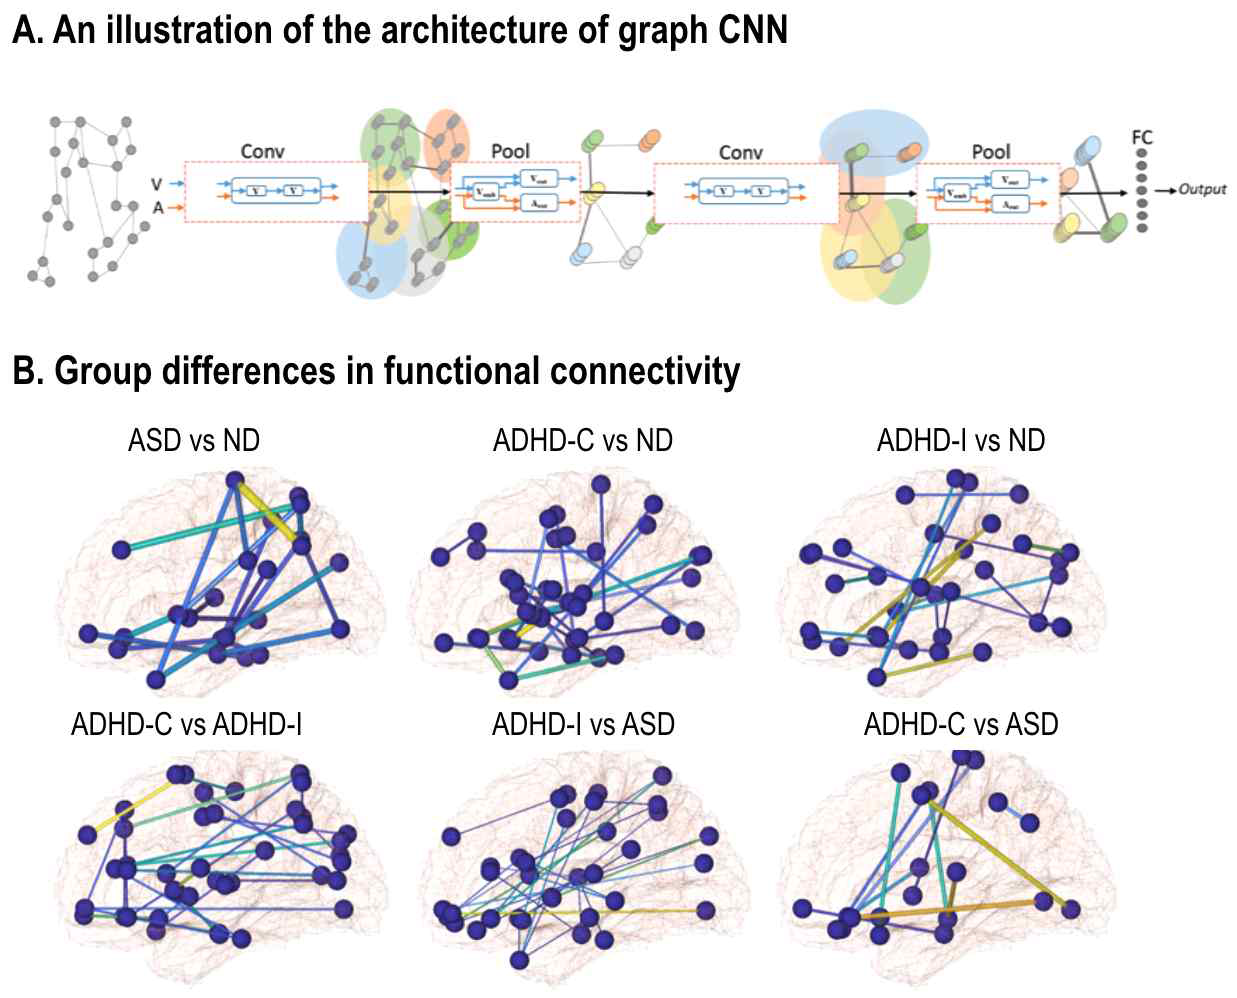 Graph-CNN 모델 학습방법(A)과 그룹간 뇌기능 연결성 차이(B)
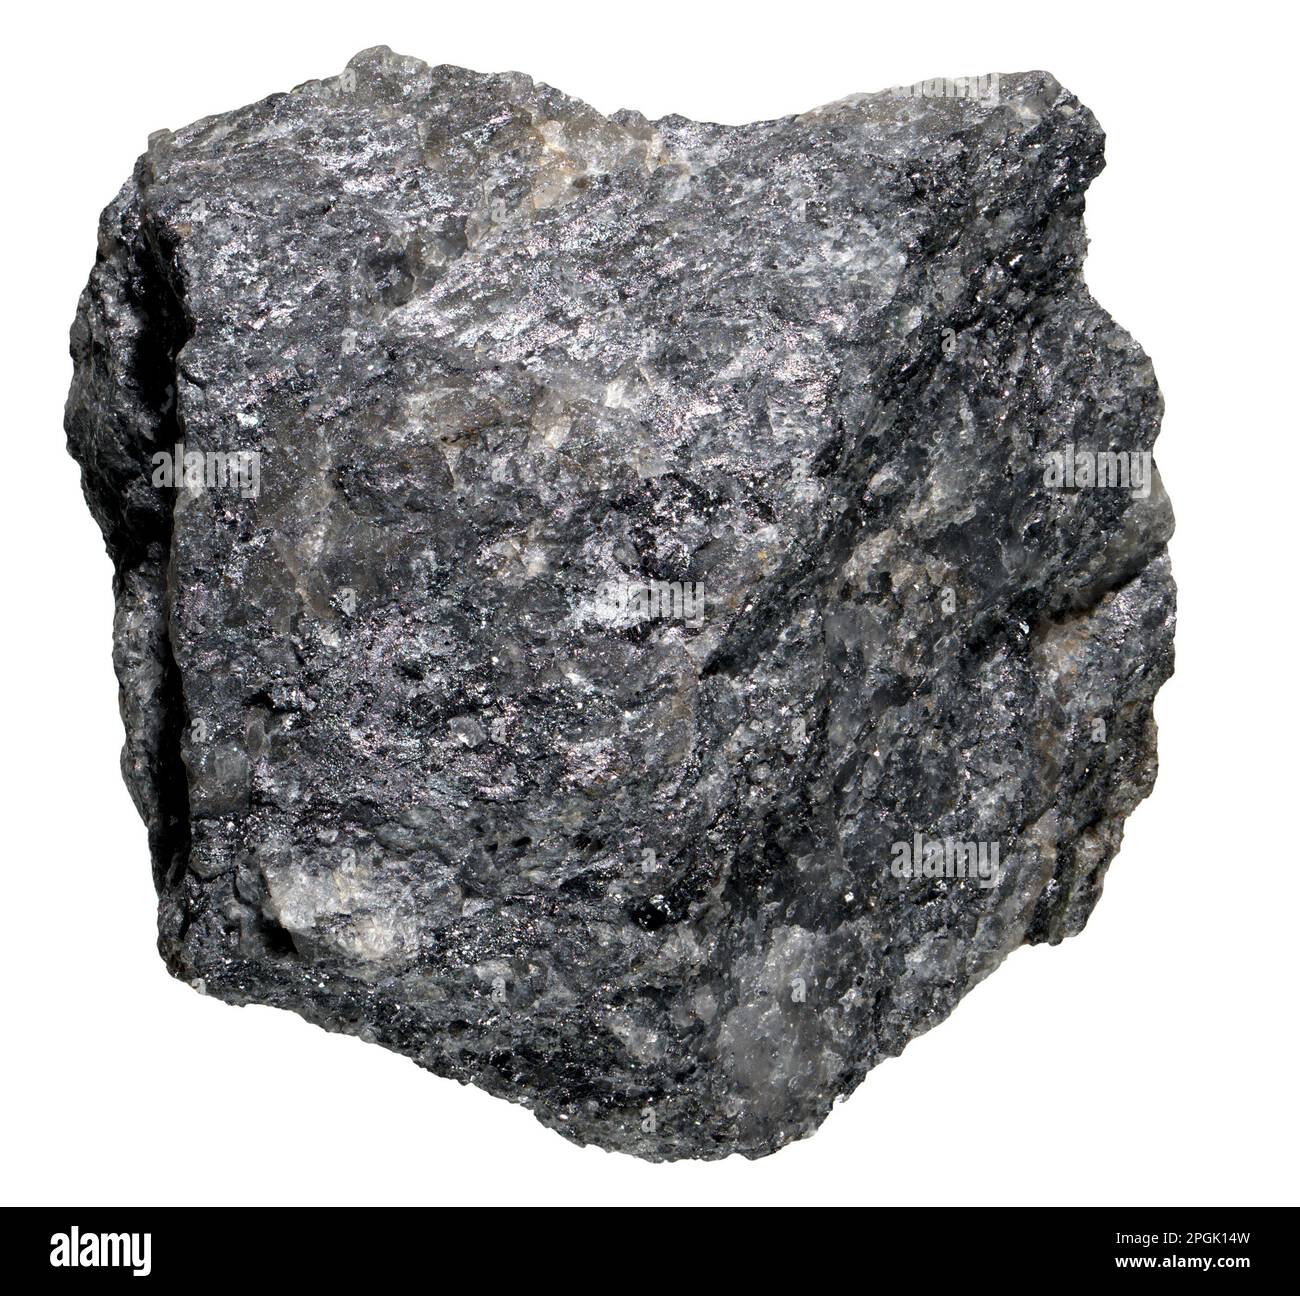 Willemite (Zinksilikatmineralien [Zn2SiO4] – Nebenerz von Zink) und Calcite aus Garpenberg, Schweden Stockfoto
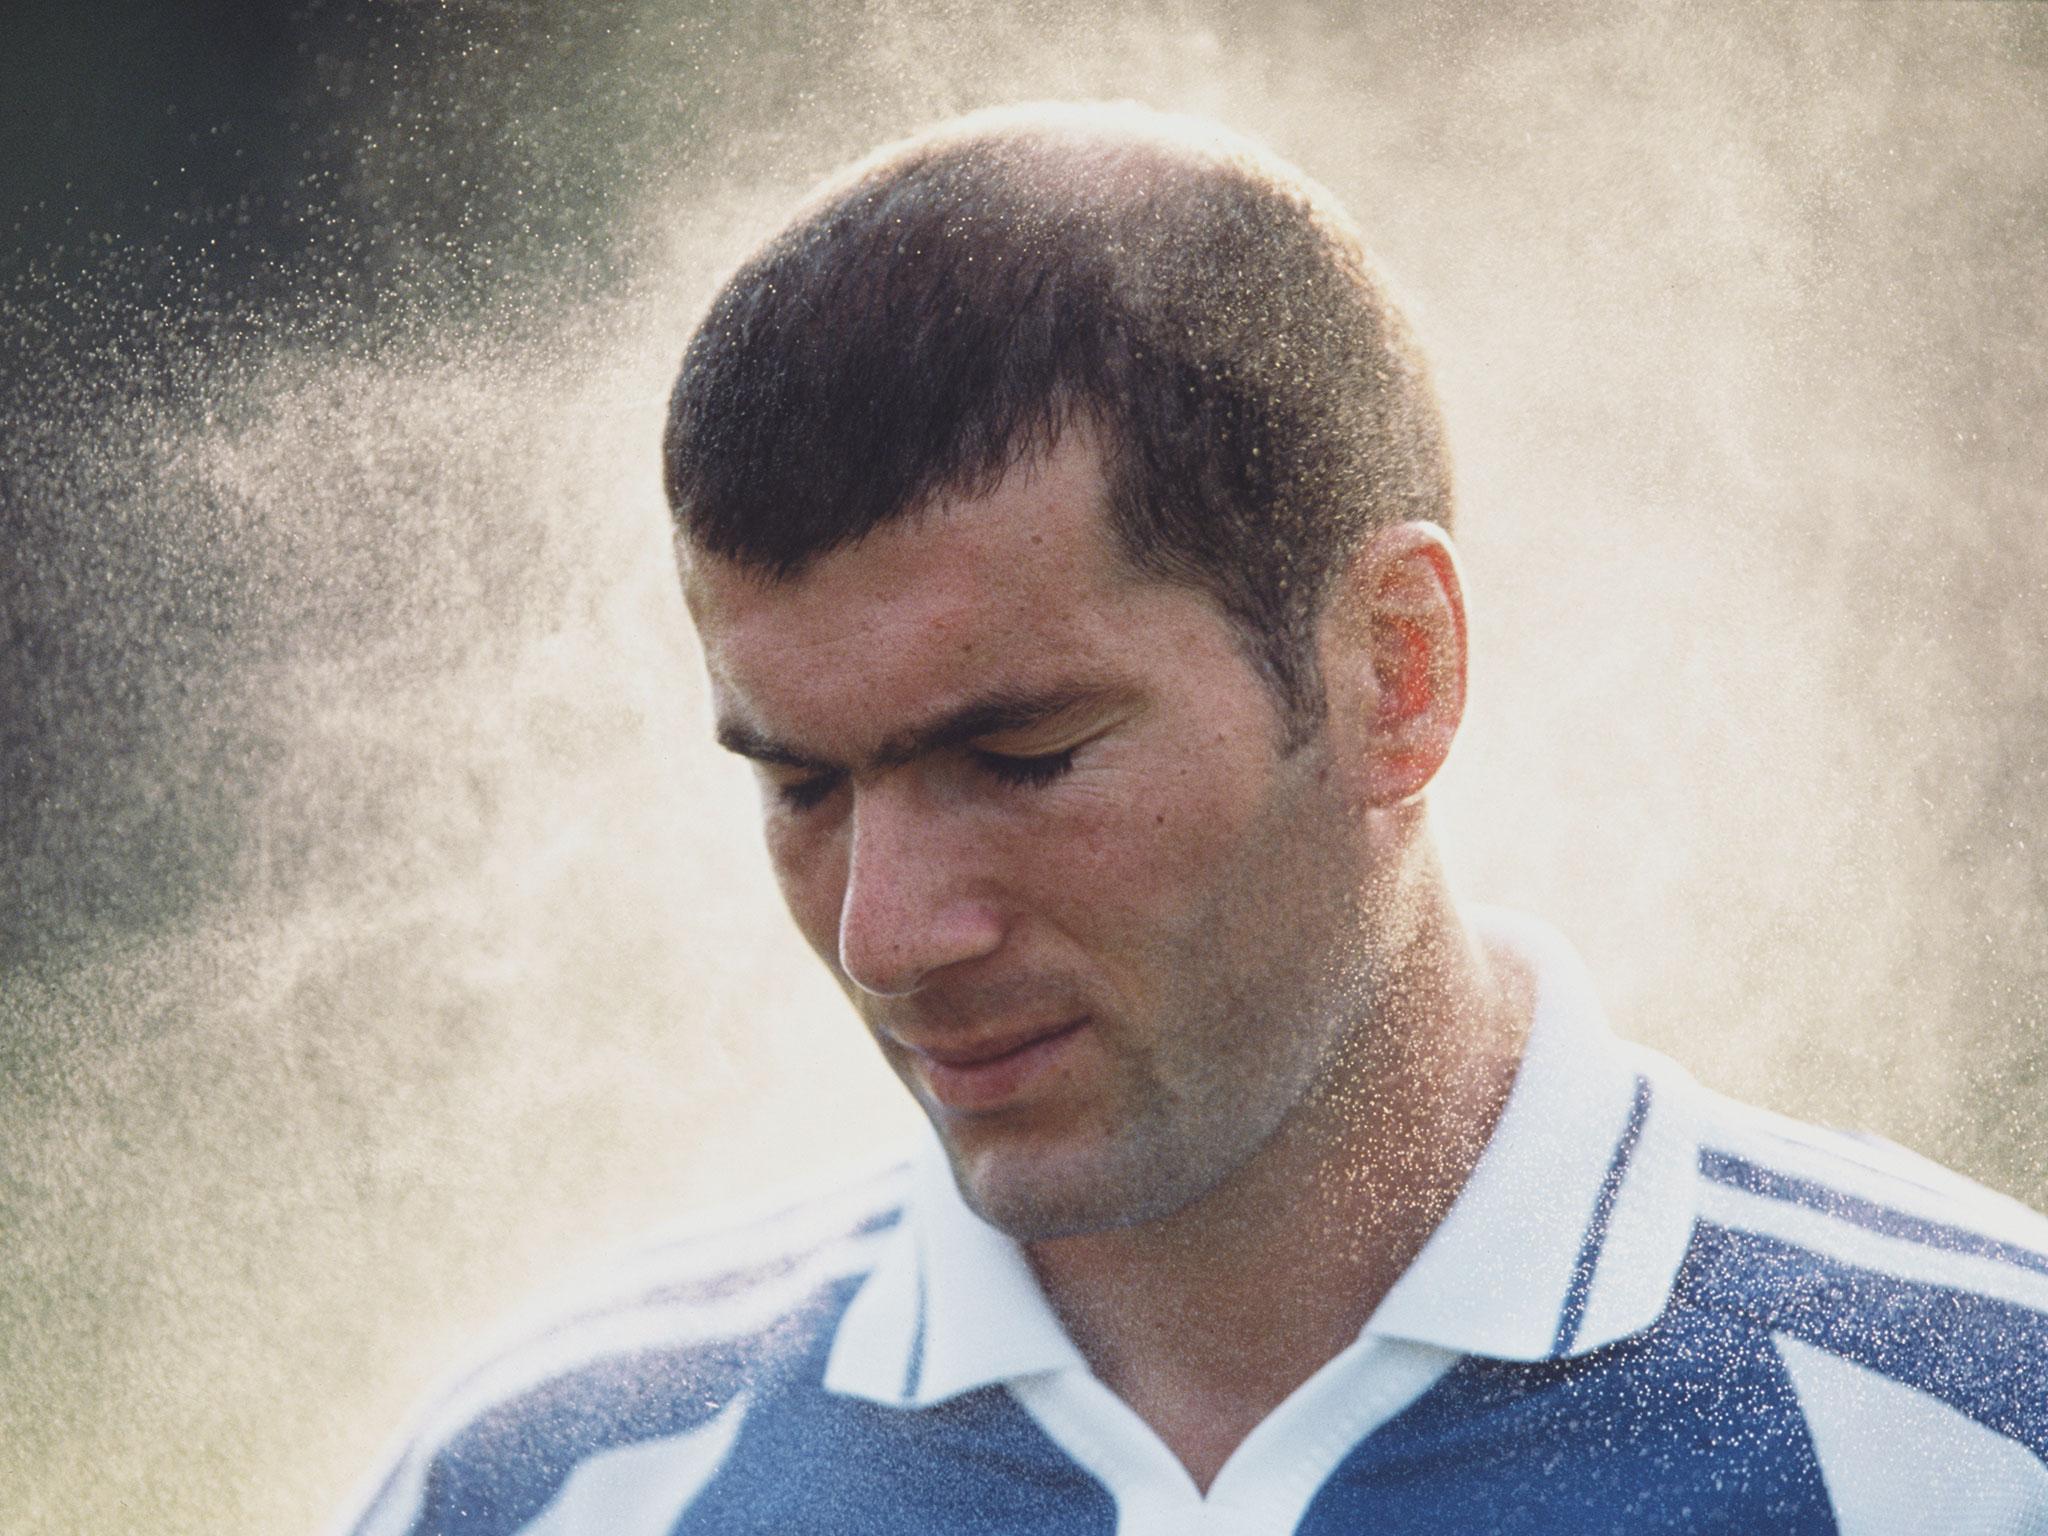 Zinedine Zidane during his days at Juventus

Assigned task | Retyped exactly, the lines from the one holding "Willemite (Zinksilikatmineralien [Zn2SiO4]" through the last line of the data above are the whole answer. Pictures stay out.

Expected output |
 Willemite (Zinksilikatmineralien [Zn2SiO4] – Nebenerz von Zink) und Calcite aus Garpenberg, Schweden Stockfoto
 Zinedine Zidane during his days at Juventus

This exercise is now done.